In accordance with the AHA Journal’s implementation of the Transparency and Openness Promotion Guidelines, we have established a public URL, where we will make the metadata, methods used in the analysis, and documentation available to all. The URL is https://precision.heart.org/duke-ninds. Access to the raw data in each of the 4 longitudinal studies is under the purview of National Institutes of Health (ARIC, FHS, and MESA) and the University of Alabama Birmingham (REGARDS). The overall workflow for harmonizing data across observational studies and providing a metadata repository via an interactive site is illustrated in Figure 2.

Figure 2.

Figure 2. Overall workflow for documenting the process of harmonizing data across observational studies and providing the resulting metadata through an interactive site and metadata repository.

Data Sources

We obtained data from 4 cohort studies—REGARDS, FHS, MESA, and ARIC. Institutional review board approval was obtained for access to retrospective data in all studies.

  1. REGARDS is a national, population-based, longitudinal study of risk factors for stroke in adults 45 years or older. A total of 30 239 participants were recruited between January 2003 and October 2007 from all over the United States with a higher concentration of participants from the Southeastern United States.13,18

  2. FHS is an ongoing, longitudinal study that began in 1948 to investigate cardiovascular disease risk factors. It initially recruited an original cohort of 5209 participants from Framingham, MA, and later added an offspring cohort of 5124 participants, who have been assessed 9 times between 1971 and 2014. The study has been widely used as a resource for understanding the risk factors and progression of cardiovascular disease.19

  3. The MESA study is a prospective cohort designed to investigate the prevalence and progression of subclinical cardiovascular disease in community dwelling adults. The study assessed a diverse, population-based sample of 6814 asymptomatic men and women aged 45 to 84 years between 2000 and 2018. The study recruited participants from 6 field centers across the United States, including Wake Forest University, Columbia University, Johns Hopkins University, University of Minnesota, Northwestern University, and University of California, Los Angeles.
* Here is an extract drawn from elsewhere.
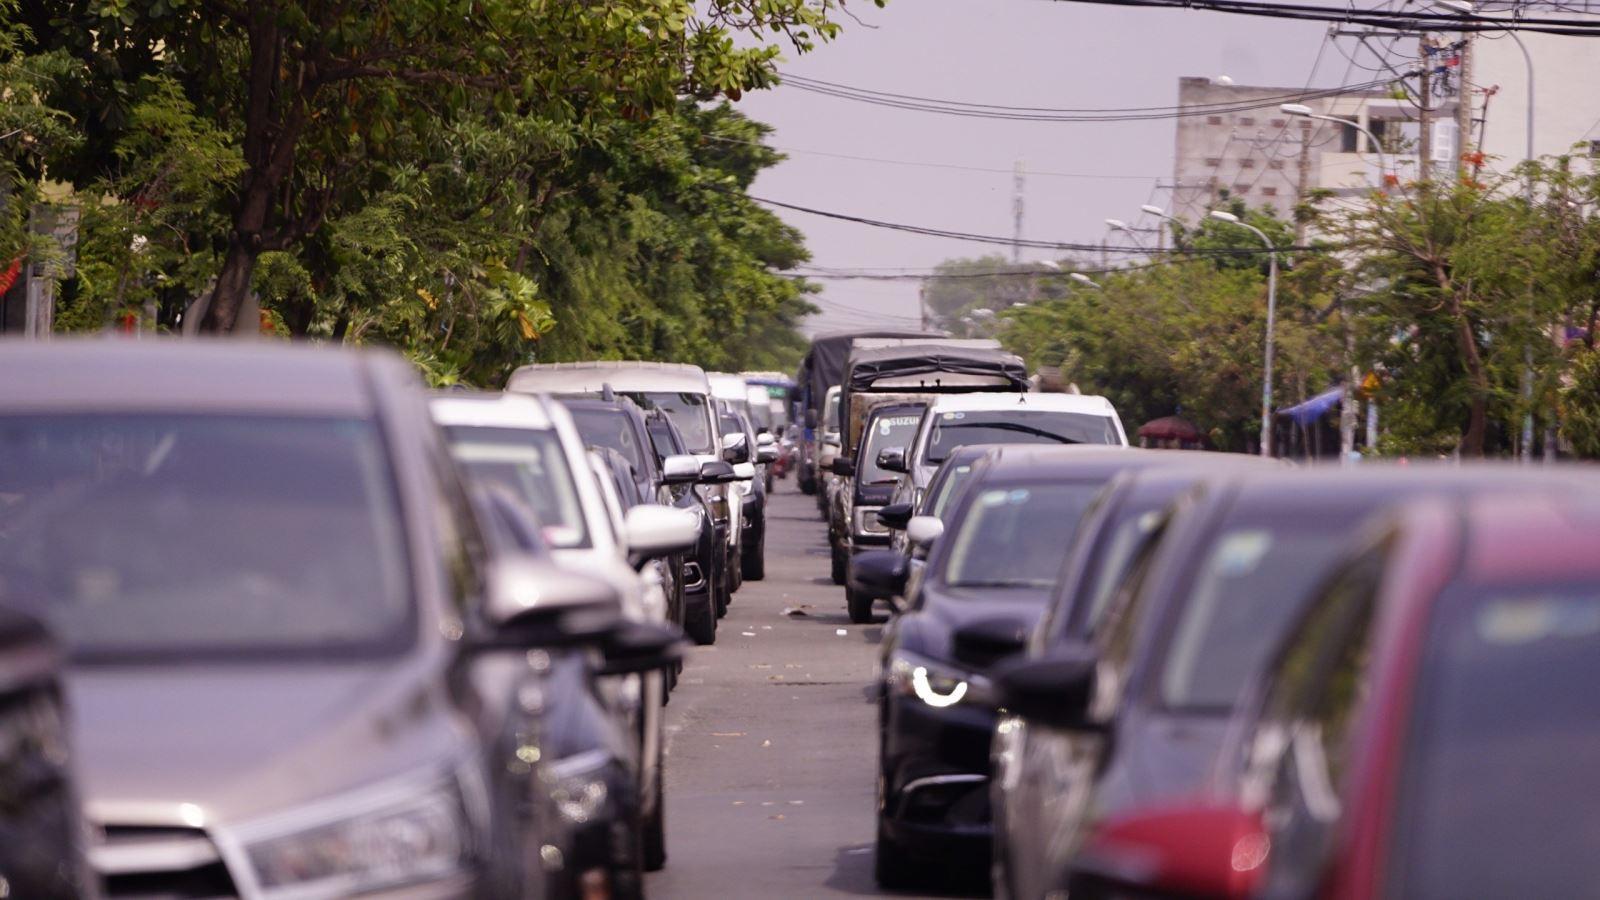 TP.HCM: Người dân đổ xô về Cần Giờ nghỉ lễ khiến phà Bình Khánh ùn tắc kéo dài  - Ảnh 7

The cohort consists of 38% White individuals, 28% African American, 22% Hispanic, and 12% Asian individuals (primarily Chinese). The study conducted 6 examinations since July 2000, with each examination period occurring every 18 to 24 months.20

  4. The ARIC study is a multisite, prospective, biracial cohort study that aim to investigate the causes of atherosclerosis and the clinical outcomes in adults from 4 US communities (Washington County, MD; Forsyth County, NC; Jackson, MS; and Minneapolis, MN). The study cohort consists of a randomly selected sample of ≈4000 individuals aged 45 to 64 years from a defined population from each community. The participants enrolled in the study are 15 792 Black and White adults. These participants were re-examined every 3 years with the first screen (baseline) occurring in 1987 to 1989, the second in 1990 to 1992, the third in 1993 to 1995, the fourth examination in 1996 to 1998, and the fifth examination was conducted in 2009.15

Data Extraction

Documentation for the FHS, MESA, and ARIC study variables was obtained through the database of Genotypes and Phenotypes (dbGaP).21 Documentation for the REGARDS study13 was obtained directly through the University of Alabama Birmingham. The documentation and metadata for each individual study variable were extracted, harmonized, and used to provide the following information for each variable: (1) study name; (2) dataset name (the collection of a subset of study variables stored in a file); and (3) description. The time period when variables were measured was extracted from the dataset descriptions and manually annotated. To extract variable documentation for the FHS, MESA, and ARIC studies, we parsed the Extensible Markup Language variable reports provided with the data from dbGaP. For the REGARDS study, a combination of structured plain text files and PDF files were parsed to extract variable documentation.

Data Harmonization

We conducted data harmonization on stroke outcomes, including stroke subtype and their risk factors across the 4 cohorts, based on the previous stroke risk model studies. The current AHA/American Stroke Association prevention of stroke guidelines recommend use of risk prediction models to optimize screening and interventions.2 The Framingham Stroke Risk Profile (Framingham Stroke) estimated 10-year risk of developing stroke using key risk factors identified through epidemiological studies.22,23 Additional prediction tools have been introduced, including the revised Framingham Stroke,24 a risk stratification that only requires self-reported measures from the REGARDS study25 and the Pooled Cohort Equation,26 although the Pooled Cohort Equation was designed to estimate 10-year risk of atherosclerotic cardiovascular disease, defined as myocardial infarction, or any stroke or death from cardiovascular causes. Although there is limited data comparing the performance of these prediction tools in estimating risk of stroke, especially among subgroups defined by sex, race, and age, we included stroke risk factors as defined in these previous stroke risk model studies. Algorithms proposed to date have relied on traditional regression techniques. The potential added predictive value offered by more complex machine learning algorithms is lacking.

The stroke risk factors included age, sex, race, smoking status, medical history of cardiovascular disease, atrial fibrillation, diabetes, hypertension medications, systolic blood pressure, total cholesterol, high-density lipoprotein cholesterol, prior myocardial infarction, education level, and general health. To curate these stroke outcomes and risk factors, we first identified the raw variables from the 4 cohorts that can be mapped to each of the underlying risk factor, and then converted and pooled those raw variables into a cohesive harmonized variable. Additionally, we relied on the National Institute of Neurological Disorders and Stroke Common Data Elements for curation of stroke outcomes and risk factors, where available.

Metadata Repository and Interactive Website

The repository and interactive website aim to provide 2 functionality levels to end users: (1) to view and search documentation of harmonized variables and the study variables used to create them; and (2) make metadata and code findable, accessible, interoperable, and reusable.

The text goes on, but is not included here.